- **Required action**
Every line below is to be given again precisely; images are to be left out.

- **Raw data**

........

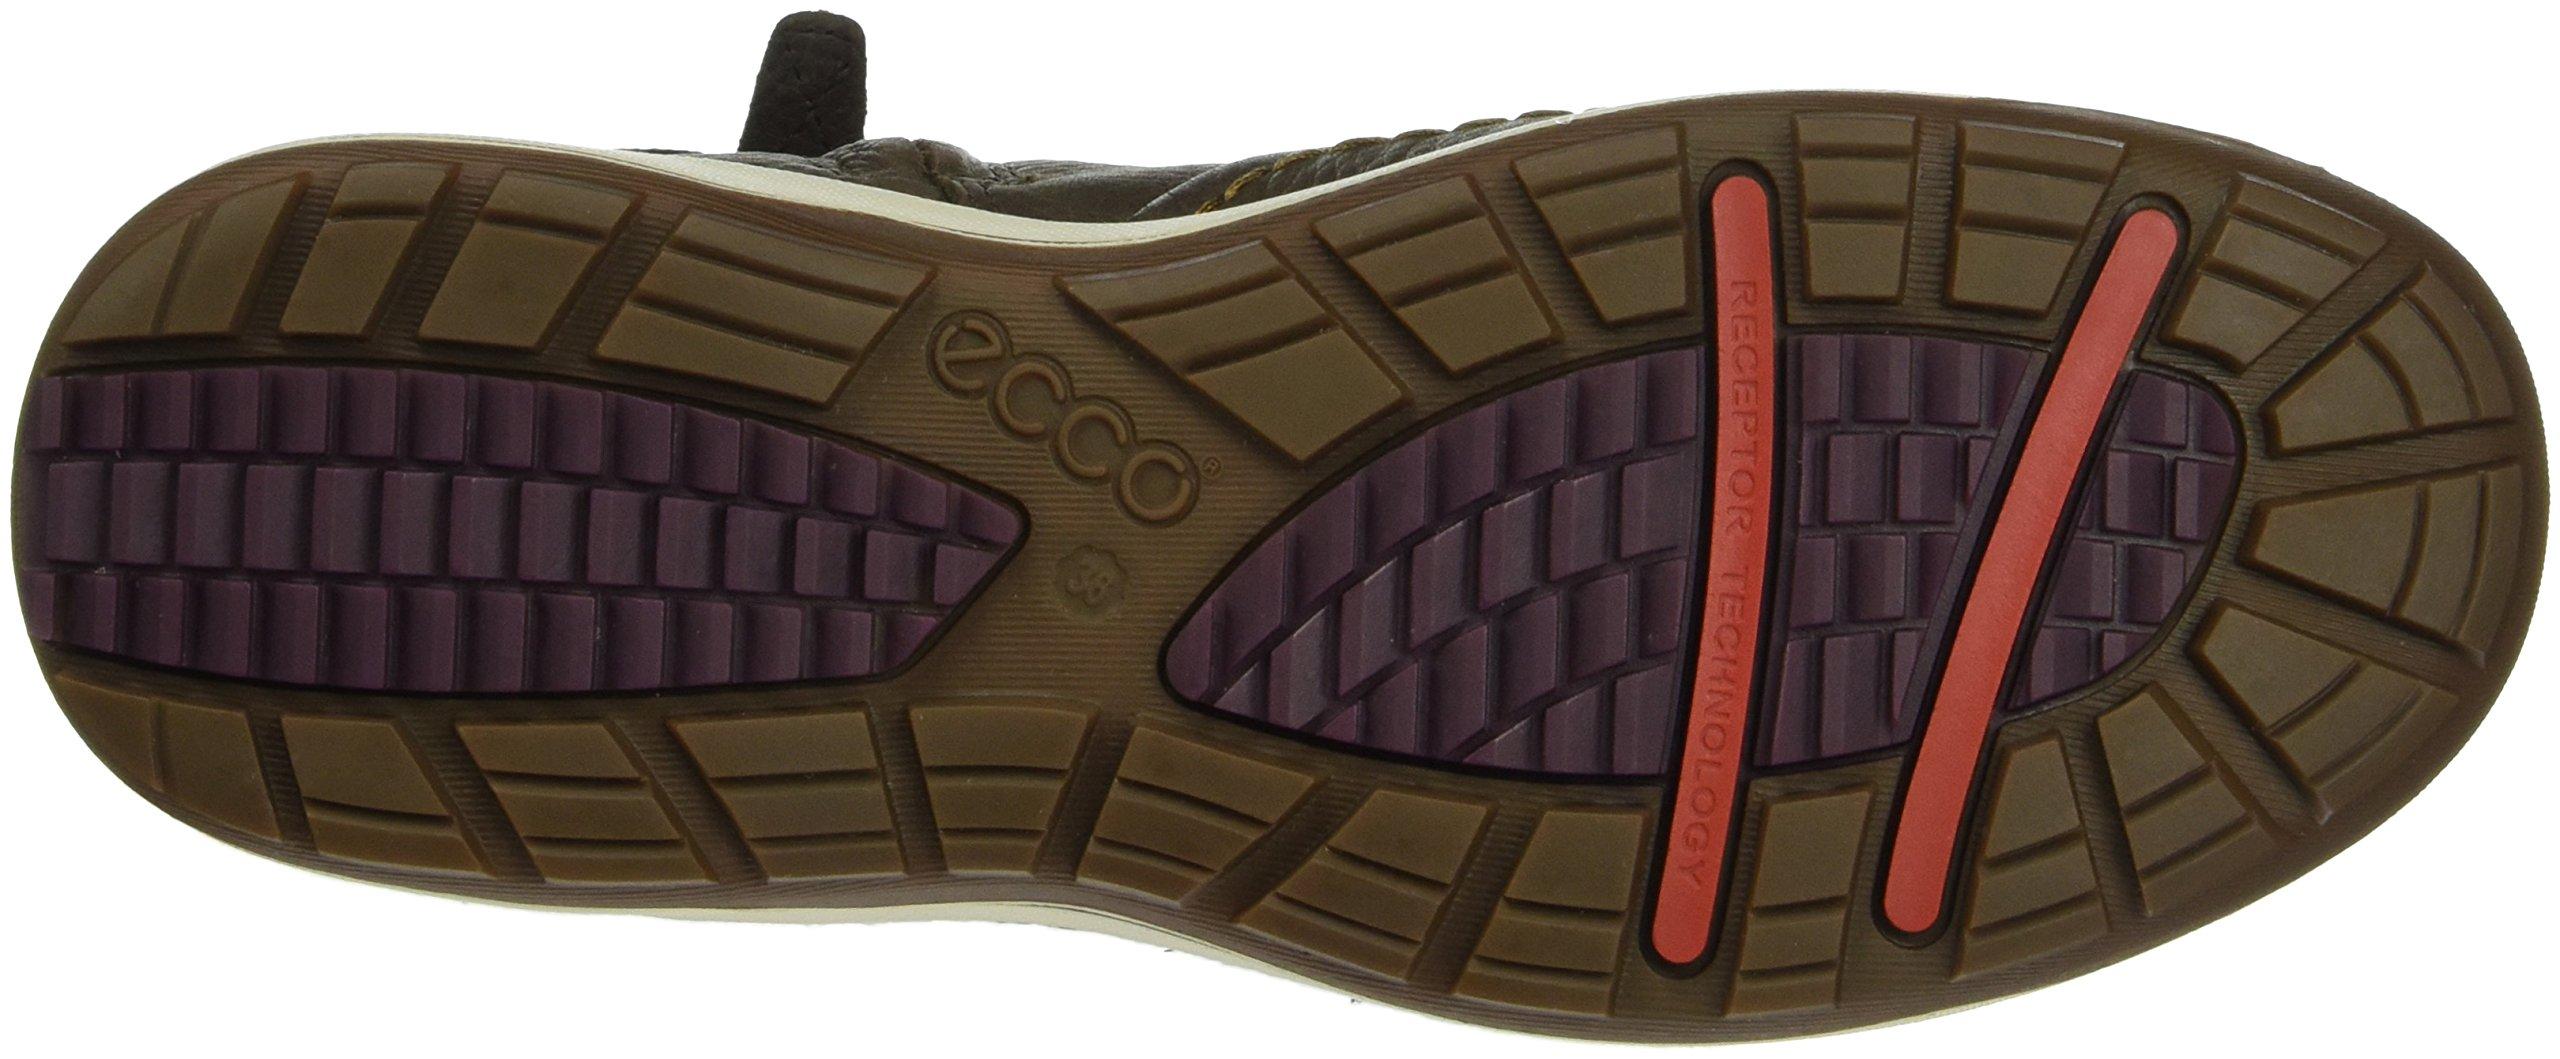 81R0s1rIoTL - ECCO Women's Trace Boot-w Multisport Outdoor Shoes
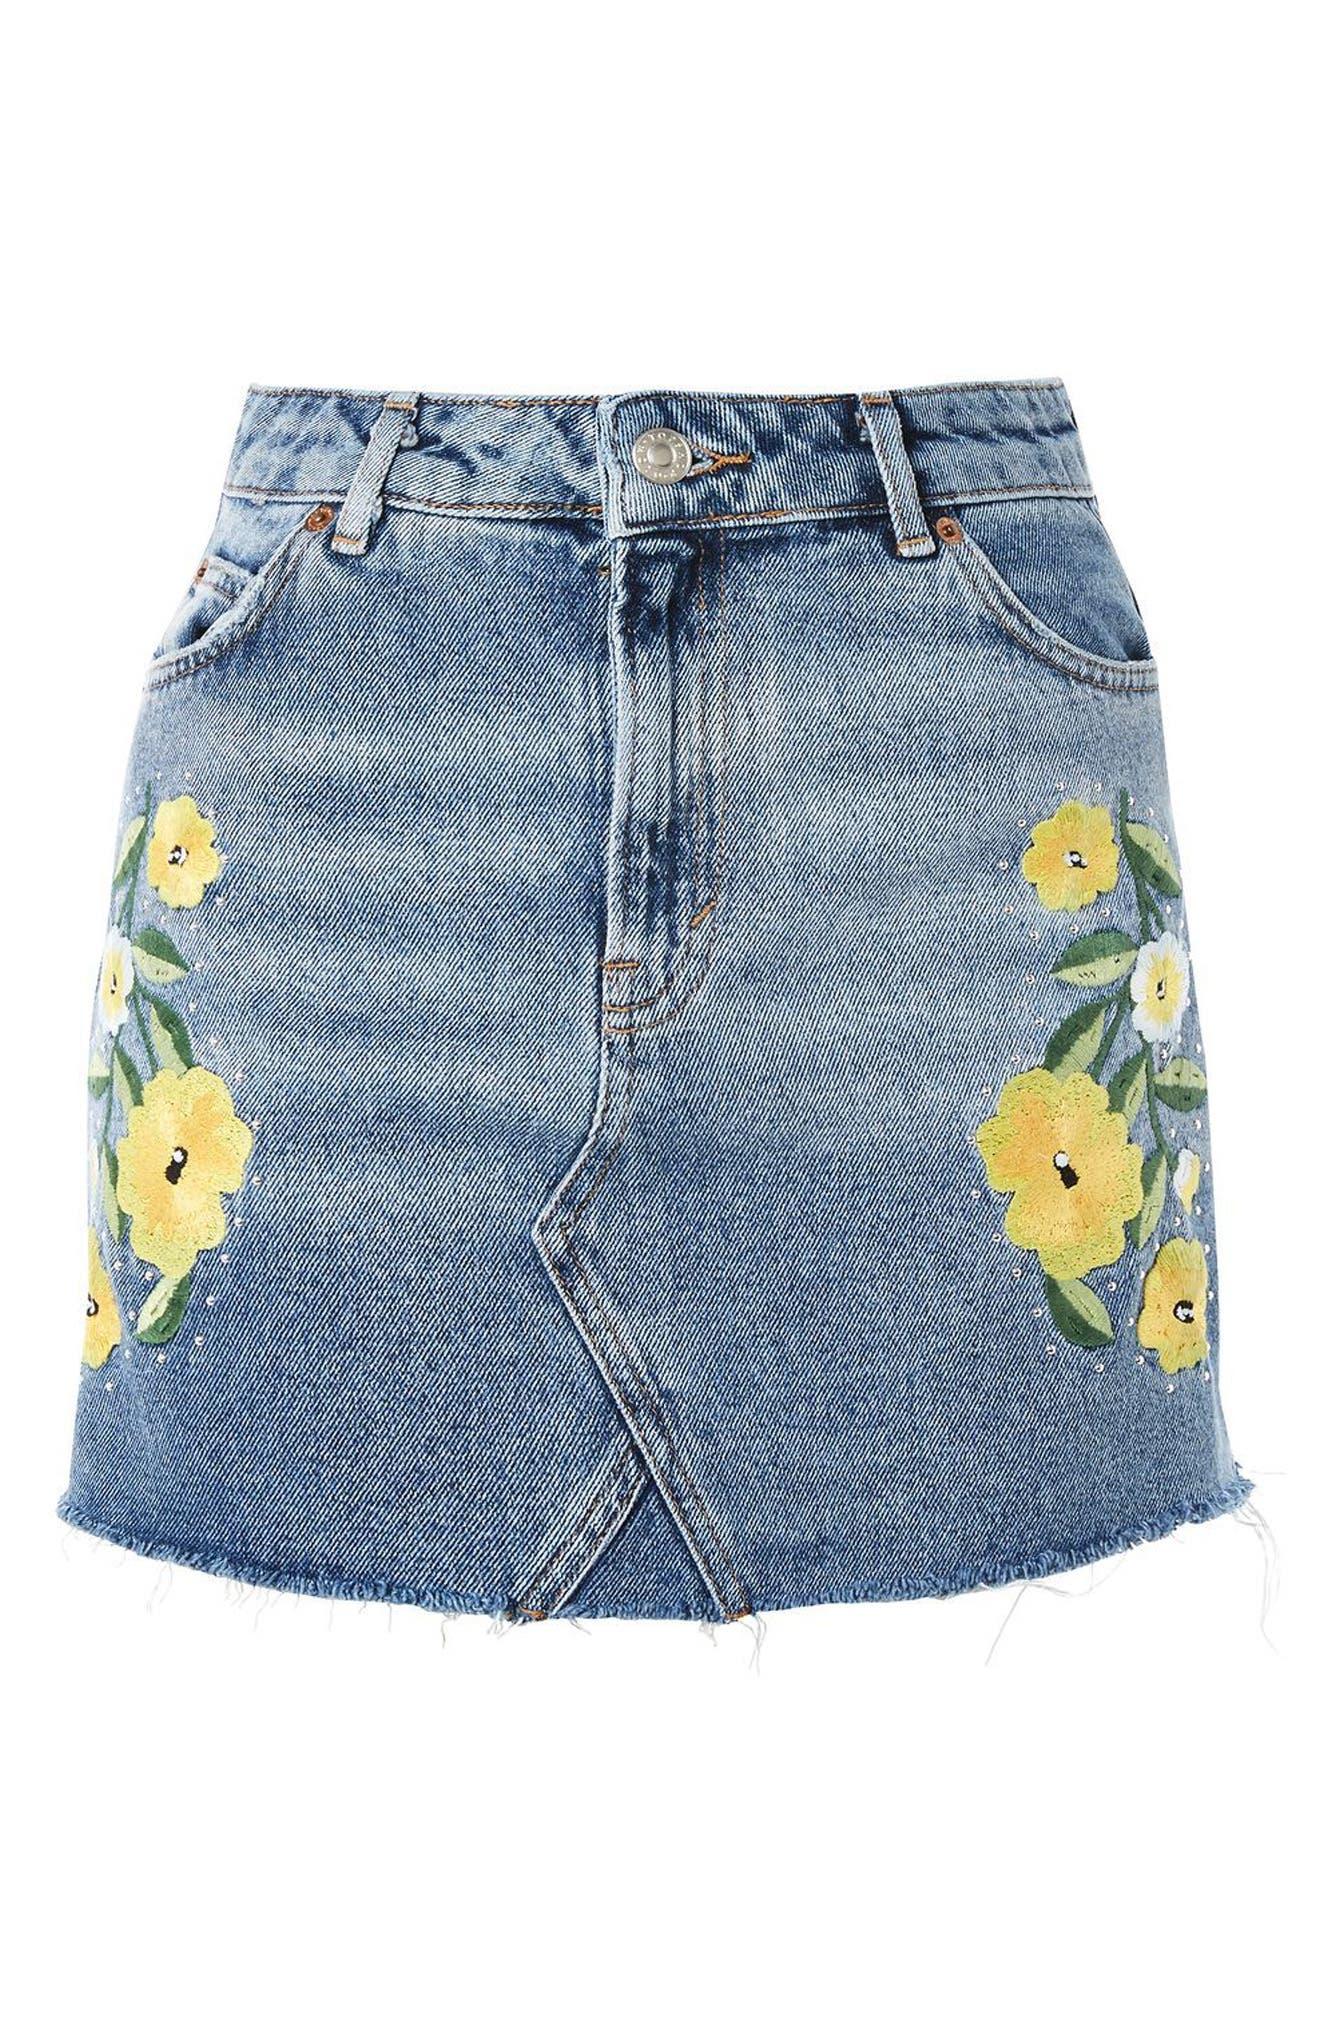 Main Image - Topshop Floral Stud Denim Miniskirt
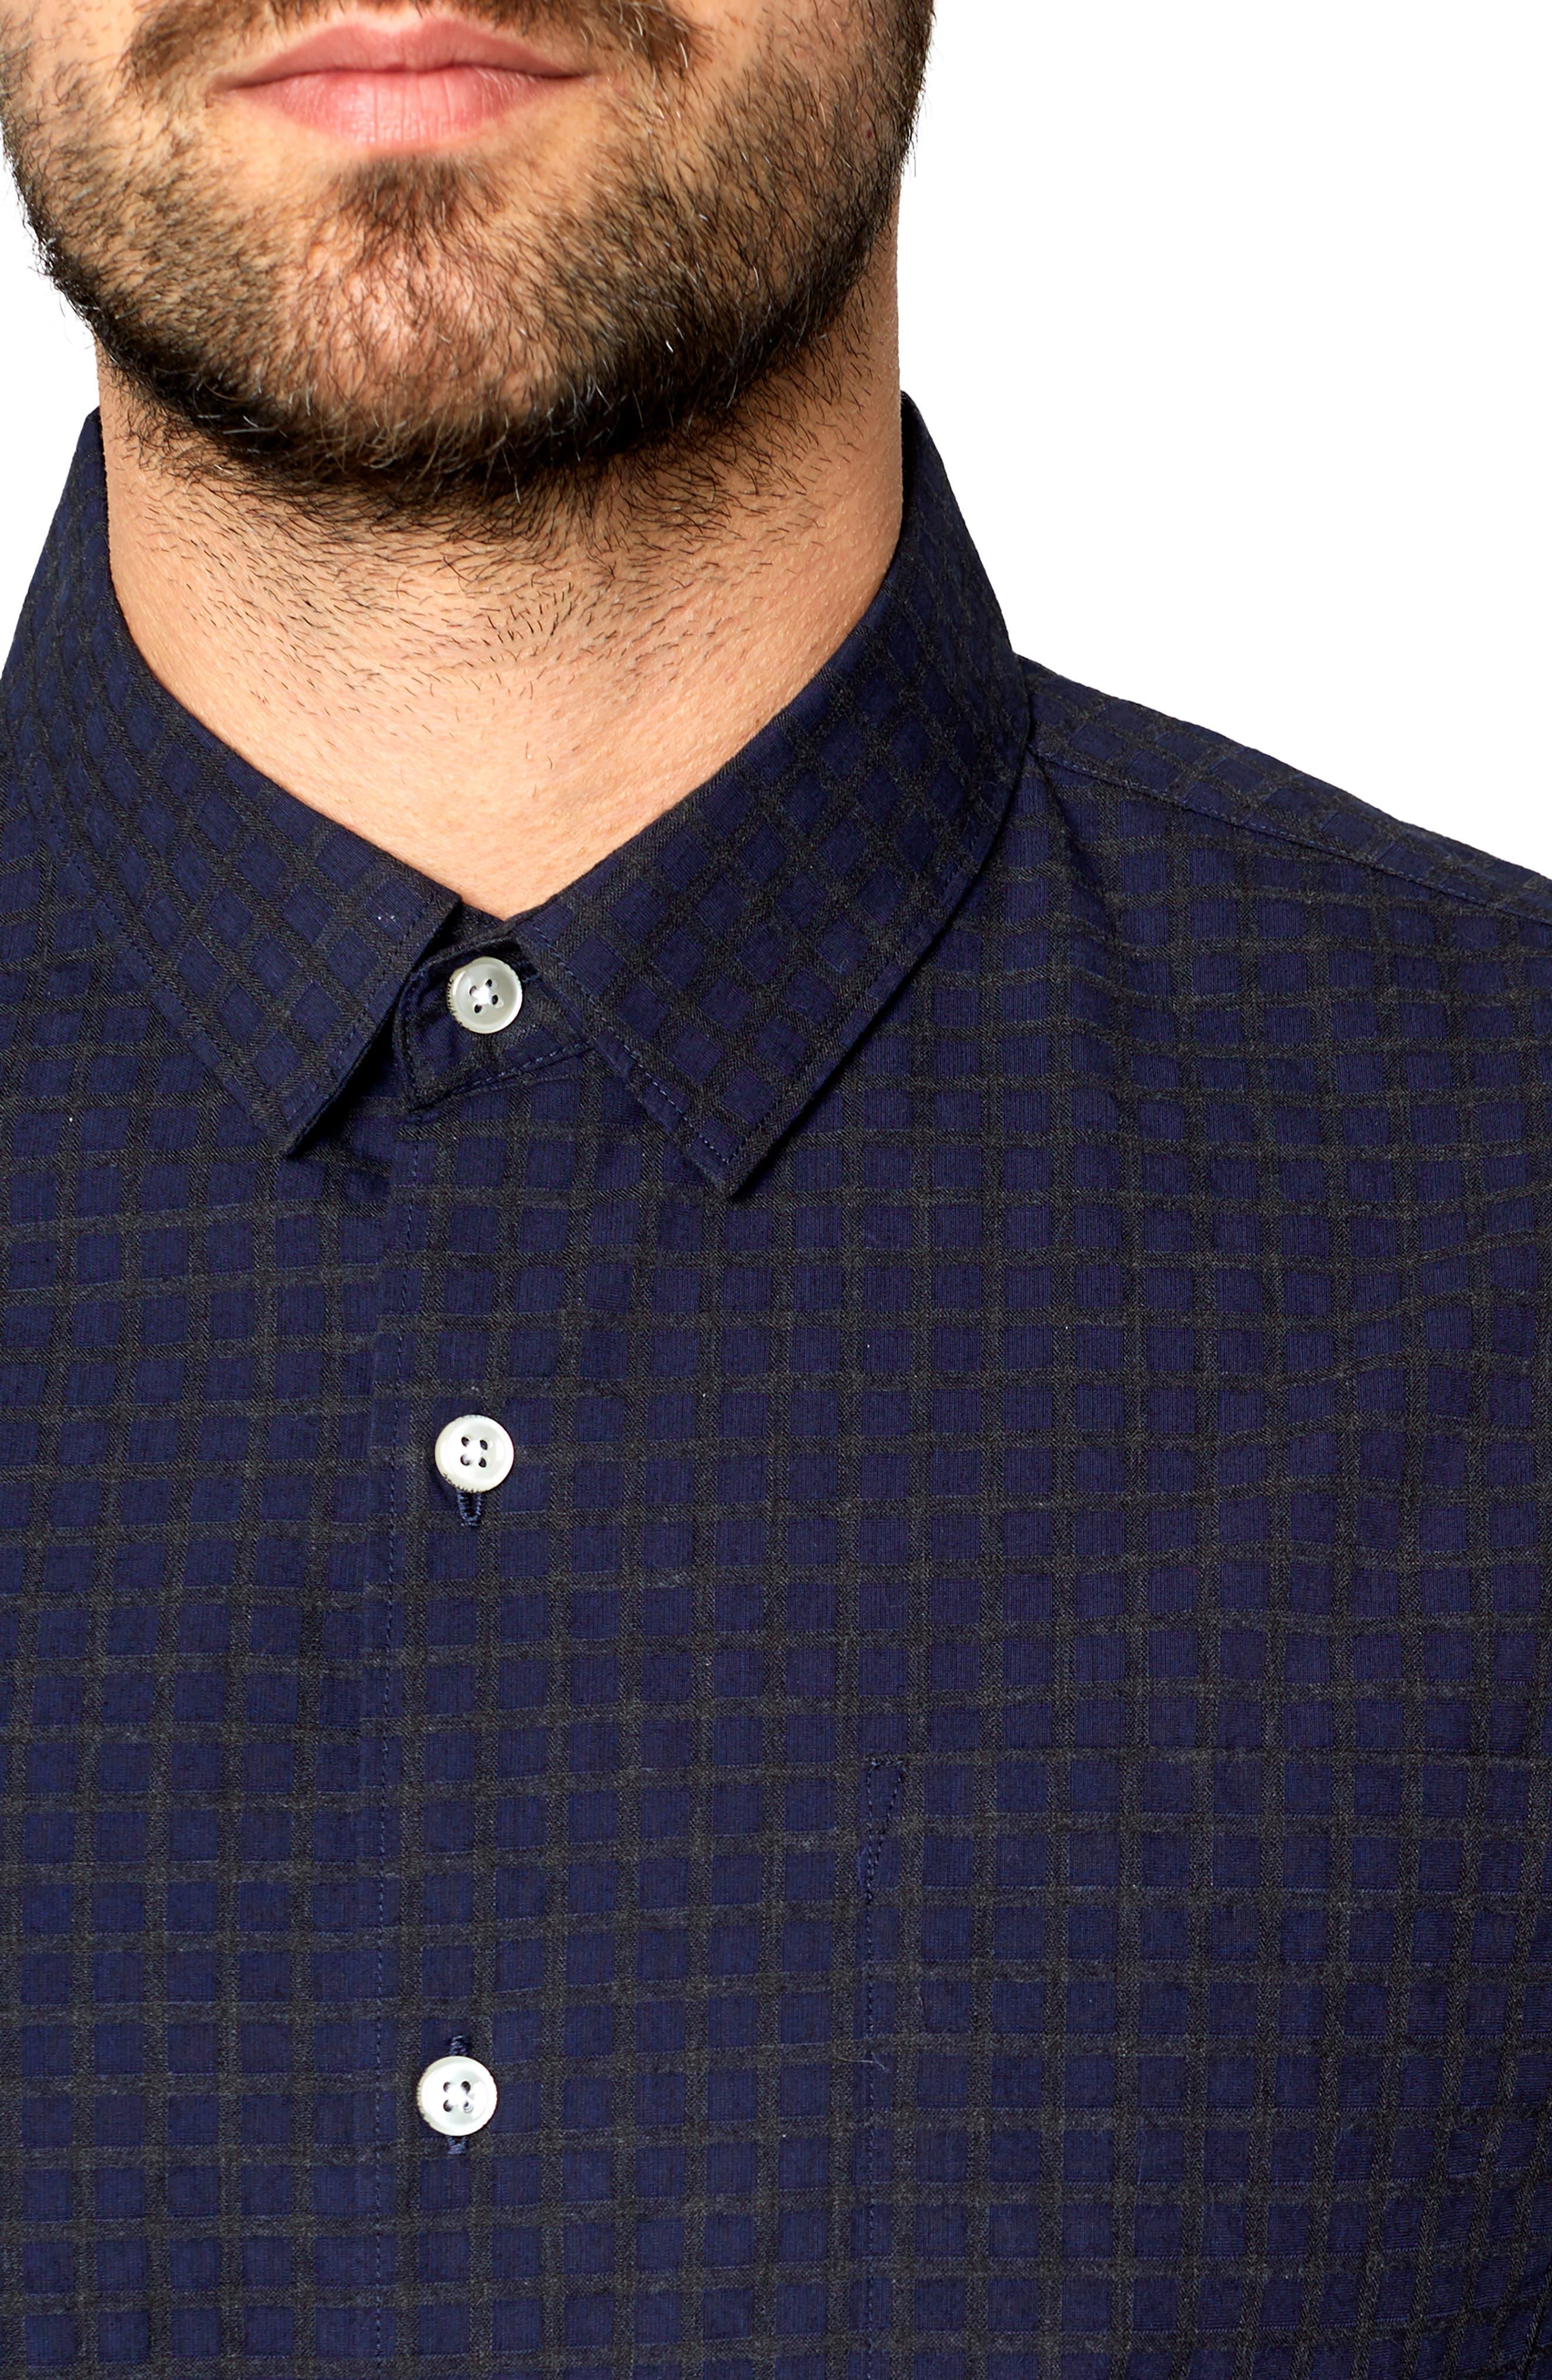 Players Club Trim Fit Linen Blend Sport Shirt,                             Alternate thumbnail 2, color,                             MIDNIGHT

........

- **Output for this task**
 81R0s1rIoTL - ECCO Women's Trace Boot-w Multisport Outdoor Shoes
 Main Image - Topshop Floral Stud Denim Miniskirt
 Players Club Trim Fit Linen Blend Sport Shirt,                             Alternate thumbnail 2, color,                             MIDNIGHT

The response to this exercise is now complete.